The cells in most of the Algæ belong to the parenchymatous form; these, however, in the course of their growth, may very often become somewhat oblong; in many Algæ (particularly Fucoideæ and Florideæ) occur, moreover, hyphæ-like threads, which are very long, often branched, and are either formed of a single cell, or, more frequently, of a row of cells, having a well-pronounced apical growth. The parenchymatous as well as the hyphæ-like cells may, in the higher Algæ (especially in certain Fucoideæ and Florideæ), be further differentiated, so that they form well-defined anatomico-physiological systems of tissue, i.e. assimilating, conducting, storing, and mechanical.
With regard to the external form, the thallus may present no differentiation, as in many unicellular Algæ, or in multicellular Algæ of the lower order, which are then either equally developed in all directions (e.g. Pleurococcus, Fig. 47), or form flat cell-plates (Merismopedium) or threads (Oscillaria, Fig. 21). The first step in the way of differentiation appears as a difference between apex and base (Rivularia, Porphyra); but the division of labour may proceed so that differences may arise between vegetative and reproductive cells (Œdogonium, Fig. 54); hairs and organs of attachment (rhizoids and haptera), which biologically serve as roots, are developed, and even leaves in certain forms of high order, belonging to different classes (e.g. Caulerpa, Fig. 59; Characeæ, Fig. 61; Sargassum, Fig. 72; and many Florideæ).
The non-sexual reproduction takes place vegetatively, in many instances, simply by division into two, and more or less complete separation of the divisional products (Diatomaceæ, Desmidiaceæ (Fig. 36), many Fission-plants, etc.), or by detached portions of the thallus (e.g. Caulerpa, Ulva lactuca, etc.; among many Schizophyceæ, small filaments known as hormogonia are set free), or asexually by special reproductive cells (spores) set free from the thallus; these may be either stationary or motile. The stationary reproductive cells (spores) may either be devoid of cell-wall (tetraspores of the Florideæ), or may possess a cell-wall; in the latter case they may be formed directly from the vegetative cells, generally by the thickening of the walls (akinetes), or only after a process of re-juvenescence (aplanospores). Aplanospores, as well as akinetes, may either germinate immediately or may become resting-cells, which germinate only after a period of rest.
The motile asexual reproductive cells are spherical, egg- or pear-shaped, naked, swarmspores (zoospores), which have arisen in other cells (zoosporangia), and propel themselves through the water by means of cilia; or they are Phyto-Amœbæ, which have no cilia and creep on a substratum by means of pseudopodia.
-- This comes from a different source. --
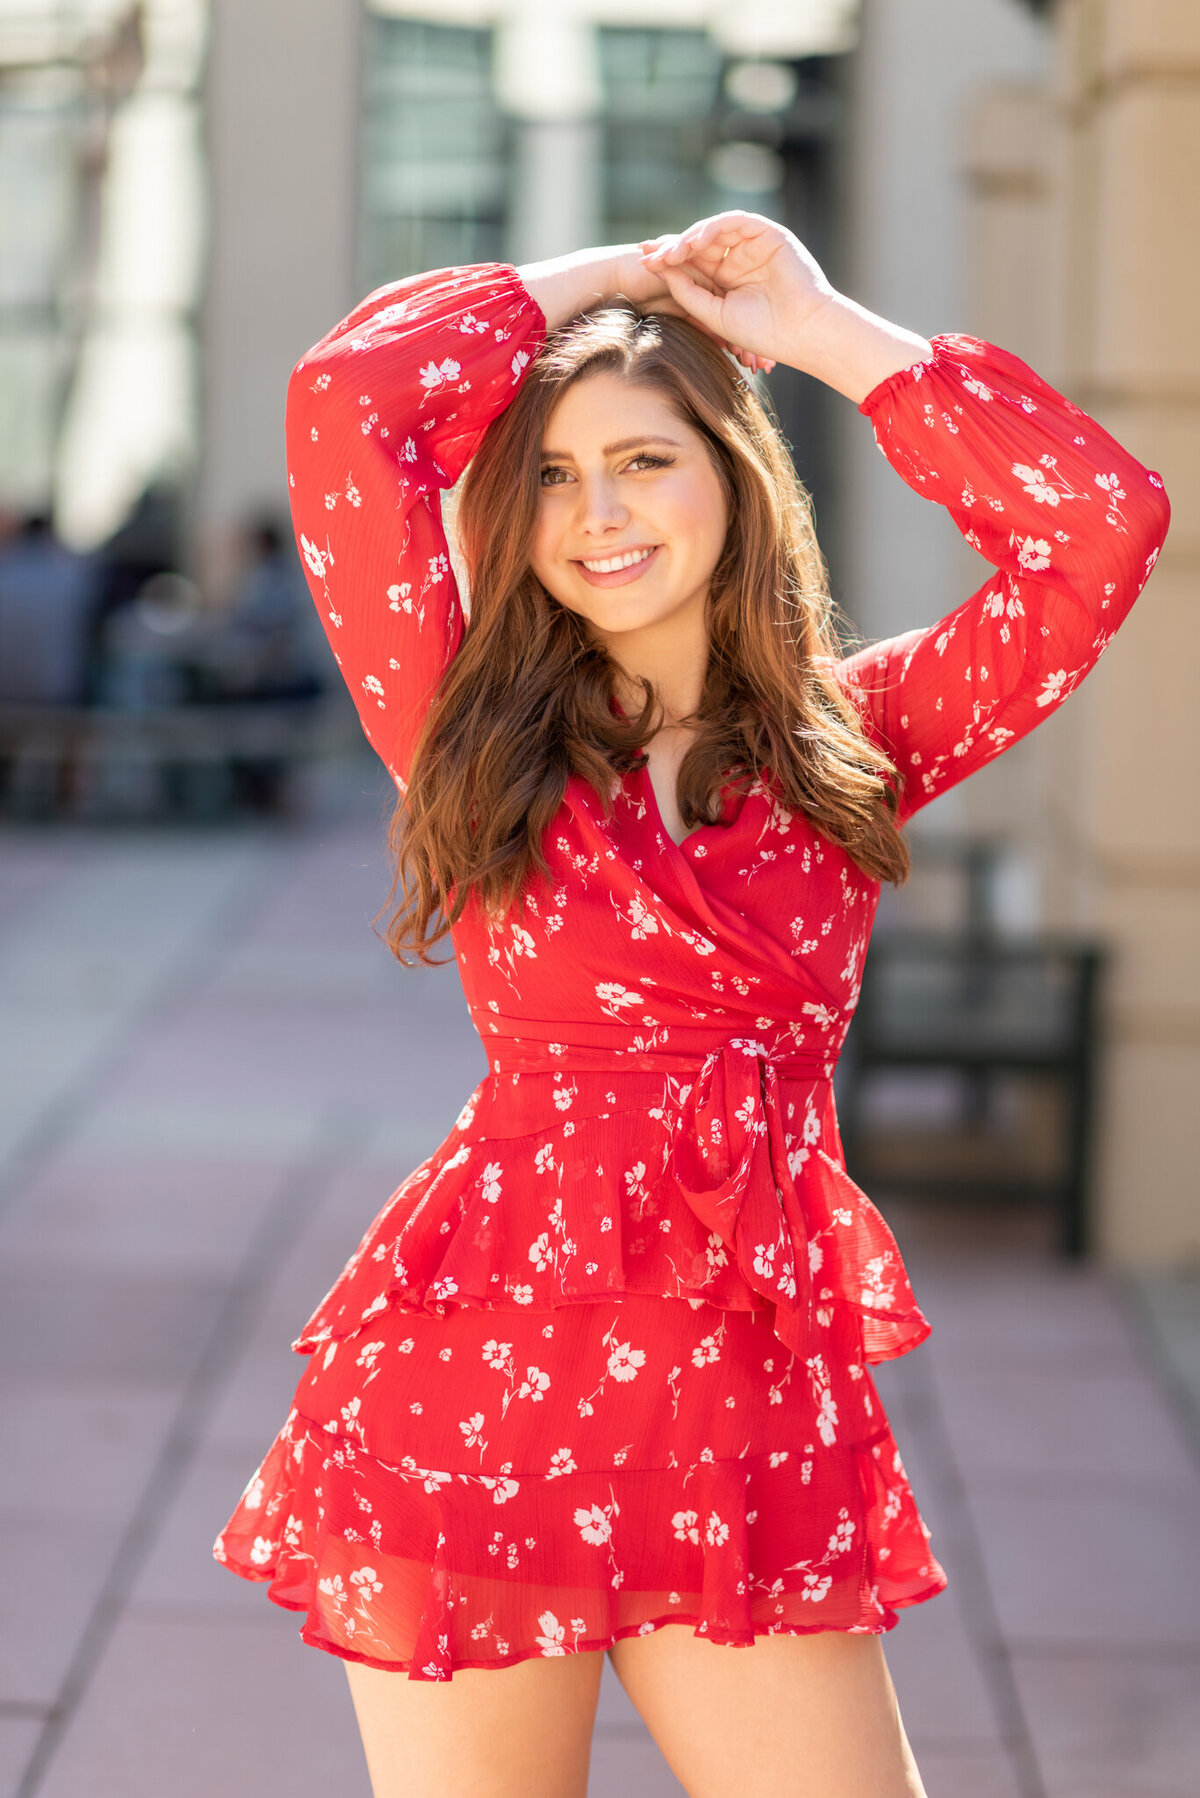 Smiling-woman-in-red-romper-high-school-senior-pictures-ivy-towler-iowa-photography

The cilia, which are formed from the protoplasm (in the Bacteria, however, from the membrane), are mostly situated at the pointed and colourless end, which is directed forwards when in motion, and are 1, 2 (Fig. 5 B), 4 or more. Both the cilia in the Brown Algæ are attached to one side (Fig. 65); they are occasionally situated in a circle round the front end (Œdogonium, Fig. 6 a, and Derbesia), or are very numerous and situated in pairs distributed over a large part or nearly the whole of the zoospore (Vaucheria). Besides being provided with one or more nuclei (Vaucheria), they may also have a red “eye spot” and vacuoles, which are sometimes pulsating, i.e. they appear and reappear at certain intervals. The swarmspores move about in the water in irregular paths, and apparently quite voluntarily, revolving round their longer axes; but they come to the surface of the water in great numbers either because of their dependence on light, or driven by warm currents in the water, or attracted by some passing mass of food material. The swarmspores germinate, each forming a new plant, as their movement ceases they surround themselves with a cell-wall, grow, and then divide; in Fig. 6 b, two may be seen in the condition of germination, and about to attach themselves by means of the front end, which has been developed into haptera (see also Fig. 5 B, lowest figure).
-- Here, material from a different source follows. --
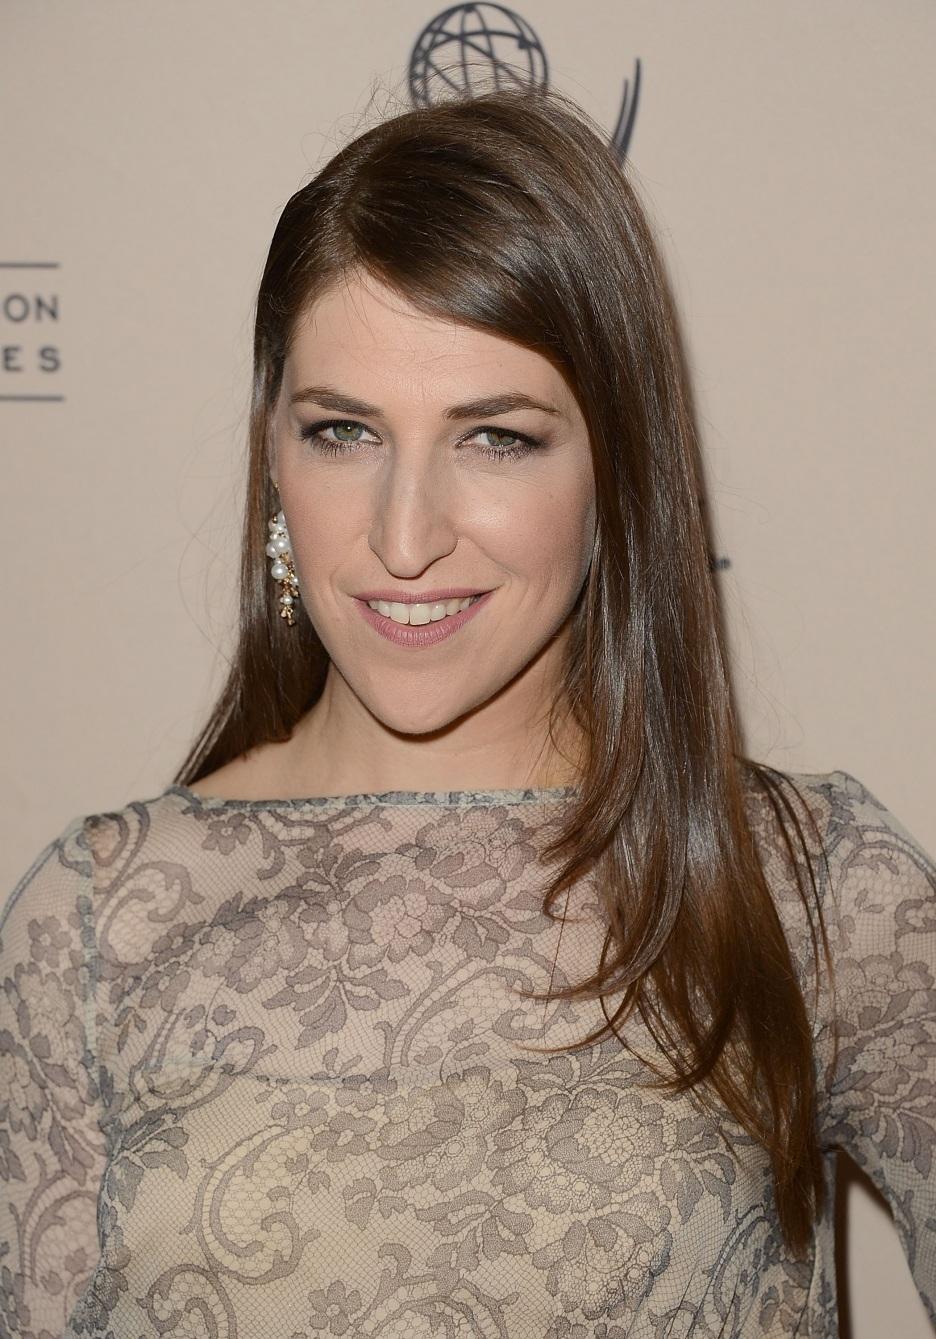 More Pictures Of Mayim Bialik.

The sexual reproduction here, probably in all cases, consists in the coalescence of two masses of protoplasm, that is, in the fusion of their nuclei.
Fig. 5.—Cladophora glomerata. A The lower cells are full of swarmspores, whilst from the upper one the greater part have escaped through the aperture m. B Free and germinating swarmspores.
Fig. 6.—Œdogonium: a (free), b germinating swarmspores.
Fig. 7.—Zanardinia collaris. A Male gametangia (the small-celled) and female gametangia (large-celled). C Female gamete. D Male gamete. B E Fertilisation. F Zygote. G Germinating zygote.
The simplest and lowest form is termed conjugation, or isogamous fertilisation, and is characterized by the fact that the two coalescing cells (termed gametes) are equal, or almost equal, in shape and size (the female gamete in the Cutleriaceæ, e.g. Zanardinia collaris, Fig. 7, is considerably larger than the male gamete). The cell in which the gametes are developed is called a gametaugium, and the reproductive cell formed by their union—which generally has a thick wall and only germinates after a short period of rest—is termed a zygote or zygospore. The conjugation takes place in two ways:—
(a) In the one way the gametes are motile cells (planogametes, zoogametes, Fig. 8), which unite in pairs during their swarming hither and thither in the water; during this process they lie side by side (Fig. 8 d), generally at first touching at the clear anterior end, and after a time they coalesce and become a motionless zygote, which surrounds itself with a cell-wall (Fig. 8 e). This form of conjugation is found in Ulothrix (Fig. 8 d), Acetabularia, and other Algæ (Figs. 45, 56, 66).
Fig. 8.—Ulothrix zonata: a portion of a thread with zoospores, of which two are formed in each cell (zoosporangium), the dark spots upon them are the “red eye-spots”; 1, 2, 3, 4 depict successive stages in the development of the zoospores; b a single zoospore, at v the pulsating vacuole; c portion of a thread with gametes, of which sixteen are formed in each gametangium; d gametes free and in conjugation; e conjugation has been effected, and the formed zygotes are in the resting condition.
(b) Among other Algæ (e.g. Diatomaceæ and Conjugatæ), the conjugating cells continue to be surrounded by the cell-wall of the mother-cell (aplanogametes in an aplanogametangium); the aplanogametangia generally grow out into short branches, which lie close together and touch one another, the wall at the point of contact is then dissolved (Fig. 39). Through the aperture thus formed, the aplanogametes unite, as in the first instance, and form a rounded zygote, which immediately surrounds itself with a cell-wall. Various modifications occur; compare Figs. 37, 39, 41, 43.
Fig. 9.—Fertilisation in the Bladder-wrack (Fucus vesiculosus).
Fig. 10.—Sphæroplea annulina.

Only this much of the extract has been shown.